Changing acidity and temperate of the ocean:

  • The ocean absorbs around a quarter of human-caused CO2 each year. This helps to regulate the Earth’s climate, slowing the impacts of excessive carbon in the atmosphere. But this results in ocean acidification which threatens marine ecosystems, with knock-on impacts to food security, and limits the ocean’s future carbon uptake. [Reference: 2025 UN SDG Report]
  • The ocean is also the planet’s largest heat reservoir, absorbing around 90 per cent of the excess heat trapped by greenhouse gases. Since 2005, the rate of ocean warming has more than doubled and this is expected to continue. This warming is driving widespread and often irreversible degradation. Coral reefs, home to a quarter of marine life and supporting approximately a billion people worldwide, are under severe stress.

Ocean pollution:

  • Close to two thirds of the 120 million tonnes of reactive nitrogen produced by human activities each year ends up polluting air, water, soil, marine and coastal areas. Half of the 20 million tonnes of phosphorus mined each year enters the world’s oceans, equivalent to 8 times the natural rate of input [Reference: UNEP fact sheet].
  • Excess nutrients has meant that millions of people now depend on water where nitrate levels are well above recommended levels and over 500 coastal areas worldwide have now been affected by eutrophication. In 405 locations this has resulted in so-called ‘dead zones’ across the world’s oceans.
  • Plastic is also a major concern. The amount of plastic in the ocean is expected to double in the next 15 years. Some estimates highlight that by 2050 there could be more plastic in the ocean than fish.

Land use changes, degradation and pollution:

  • Between 20-40 per cent of the Earth’s land surface is already degraded or degrading, putting livelihoods at risk, threatening food security and increasing vulnerability to extreme weather events [Reference: UNCCD Global Land Outlook Second Edition].
  • Half of the world’s habitable land is used for agriculture, more than three-quarters of that is for livestock and the majority using unsustainable agricultural practices [Reference: Our World in Data].
  • Wetlands are disappearing faster than any other ecosystem. Their loss reduces resilience to storms and floods alongside habitat destruction leading to biodiversity loss.

Deforestation / forest cover decline:

  • Global forest area continues to decline, although at a slower rate than in previous decades.

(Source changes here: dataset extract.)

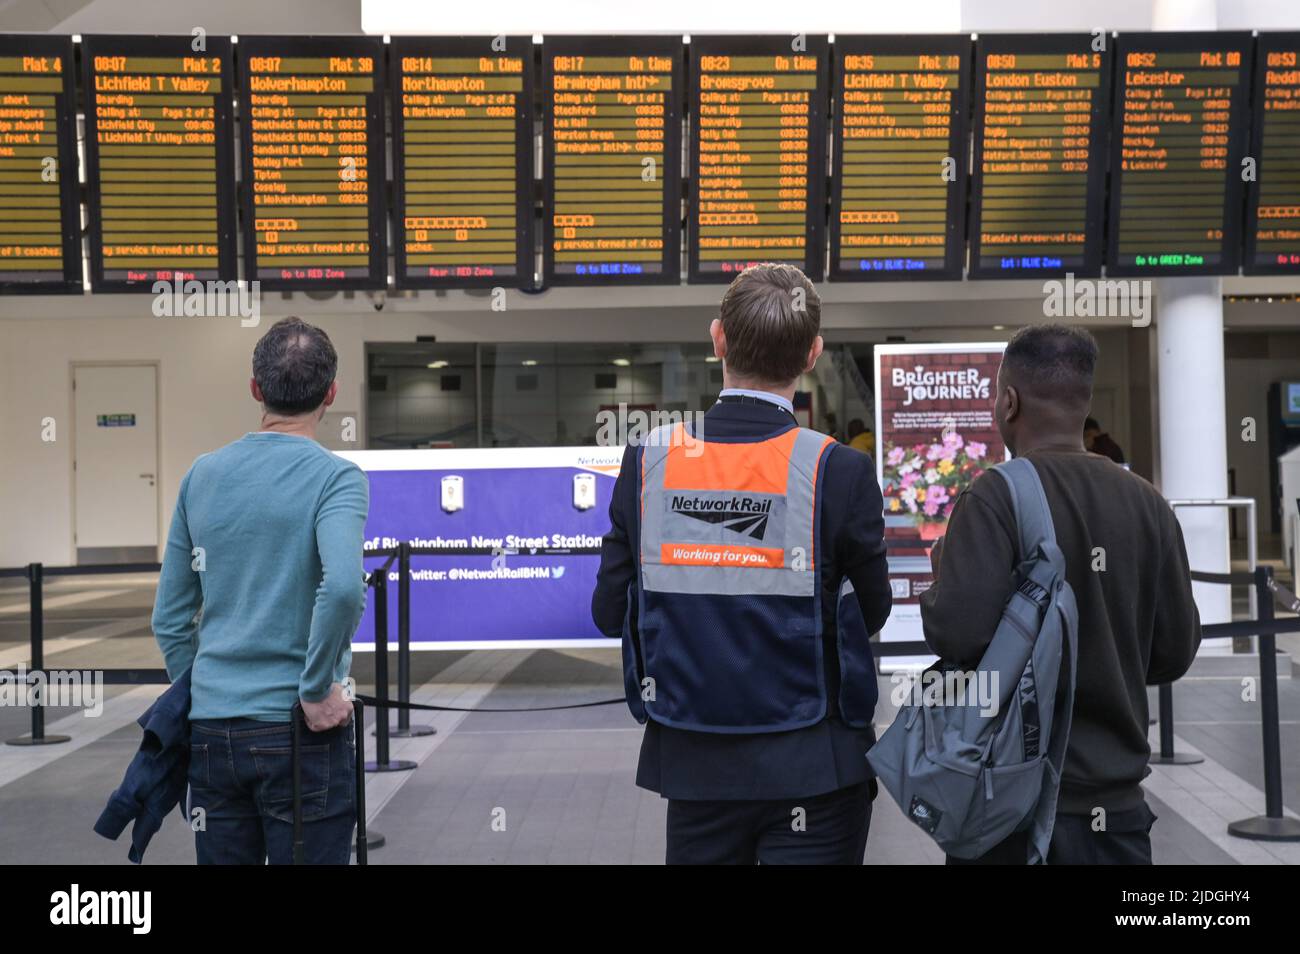 New Street, Birmingham, England, June 21st 2022. An eerily almost empty Birmingham New Street Station as rail workers strike for a 7 percent wage increase across the British networks after RMT Unions failed to reach an agreement. There was a reduced service on the boards. Pic by Credit: Sam Holiday/Alamy Live News Stock Photo

The proportion of forest cover to total land area decreased from 31.9 per cent in 2000 to 31.2 per cent in 2020.
  • The biodiversity of trees is also at risk. 38 per cent of the estimated 47,282 species of tree face extinction as a result of habitat loss, overexploitation, climate change, pests and diseases. [Reference: 2025 UN SDG Report]

Overuse of freshwater systems:

  • Freshwater demand is predicted to exceed available supply by 40% by 2030 [Reference: World Economic Forum]. Overextraction for agricultural purposes, and excessive use by heavy industries such as mining and manufacturing being key contributors.